Major Griesbach was no sooner in Britain than he was ordered to return to Canada.He had been selected to command the 49th Battalion C.E.F, one of three units to be raised concurrently in Edmonton. He was an obvious choice for such an appointment - a well-known resident with active service and militia experience, and a westerner with the common touch that transcends all other qualities in leadership.
He returned to France with the Battalion on 8th October 1915 and took part in operations at the Ypres Salient, the Somme, Vimy Ridge, and Passchendale, to name a few. On 12th February 1917 he was promoted to Brig-Gen and commanded the 1st Canadian Infantry Brigade, 1st Canadian Division. In December 1917 he was elected Unionist member of Parliament for Edmonton. He was promoted to Major-General on his retirement, 16 Sep 1921. In September 1921 he was appointed to the Senate.
Major General Griesbach maintained his military interest and in 1933 in the AlbertaMilitary Institute Journal wrote an article detailing the weaknesses of Imperial defenses and the necessity of the Dominions taking some of the weight off the shoulders of Great Britain.
In March 1938, Senator Griesbach told the Upper Chamber that in a matter of months
the British Commonwealth and France might be facing the combined might of Germany, Italy and Japan.
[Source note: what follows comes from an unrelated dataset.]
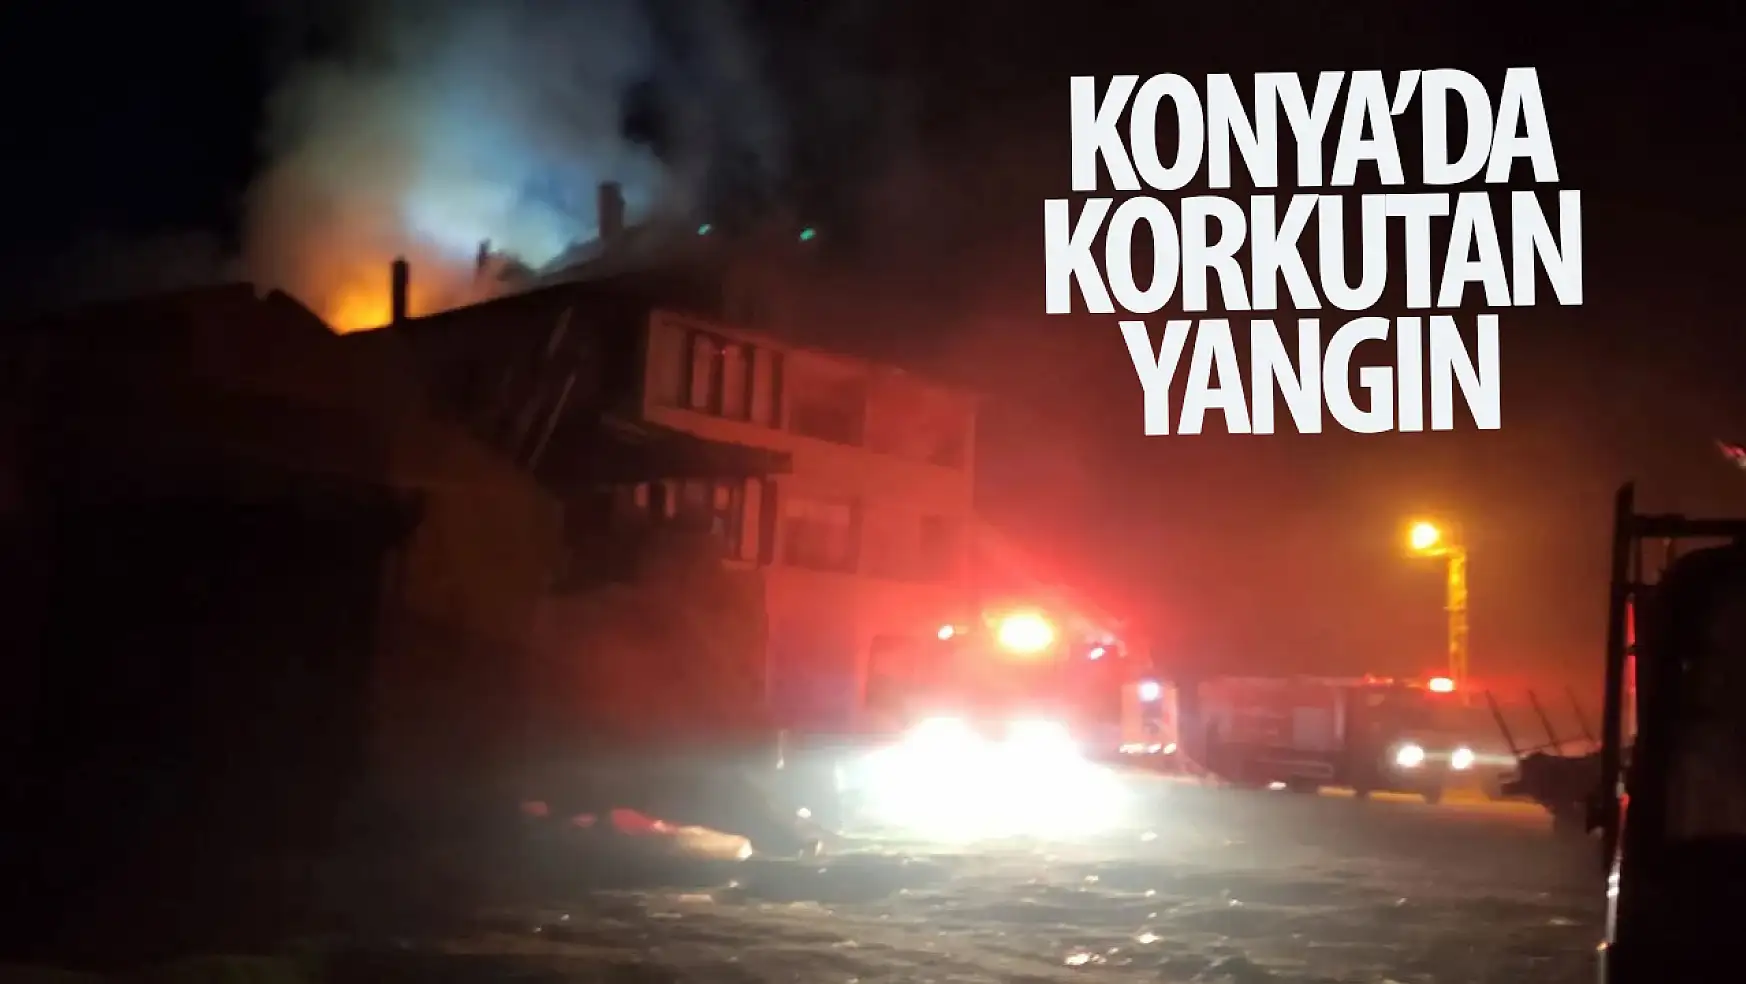 Konya'da korkutan yangın o ilçede yaşandı!

He advocated a three-fold expansion of the militia and that training measures should be introduced to avoid the scramble into uniform that had occurred in 1914
In July 1941 he was recalled to service and served as Inspector-General of Western Canadian Forces. On March 31st, 1944 he resigned from active service.
At the annual Regimental Dinner of the Loyal Edmonton Regiment on January 6th, 1945 he admitted to being a bit tired but gave no inkling of any serious deterioration of his health. He passed away on the evening of January 21.
Among his many decorations were: Companion of the Order of the Bath;
Companion of the Order of St, Michael and St, George; Distinguished Service
Order and Bar; Volunteer Decoration and Mentioned in Despatches (6 times)
On 11 September 2005, an equestrian memorial statue to Major-General Griesbach was unveiled by the Hon. Norman L. Kwong, Lt. Governor of Alberta, at
Griesbach Village in Edmonton. Shown in the picture are members of Griesbach Lodge No. 191 who attended the ceremony. The memorial can be accessed from 137 Avenue by turning north on 102 street into Griesbach Village.